_TRY IT_
From the data below, return the exact lines starting at the line containing "Детская обувь оптом." and ending at the line containing "52+ Gambar Naruto Perang Terlihat Keren", both included, and nothing else.

_RECORDS FOR THE TASK_

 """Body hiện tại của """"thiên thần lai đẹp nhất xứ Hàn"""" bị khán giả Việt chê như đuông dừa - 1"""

--

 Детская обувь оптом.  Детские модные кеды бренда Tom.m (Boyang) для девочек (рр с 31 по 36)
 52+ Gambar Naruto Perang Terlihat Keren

_ANSWER SECTION_
 Детская обувь оптом.  Детские модные кеды бренда Tom.m (Boyang) для девочек (рр с 31 по 36)
 52+ Gambar Naruto Perang Terlihat Keren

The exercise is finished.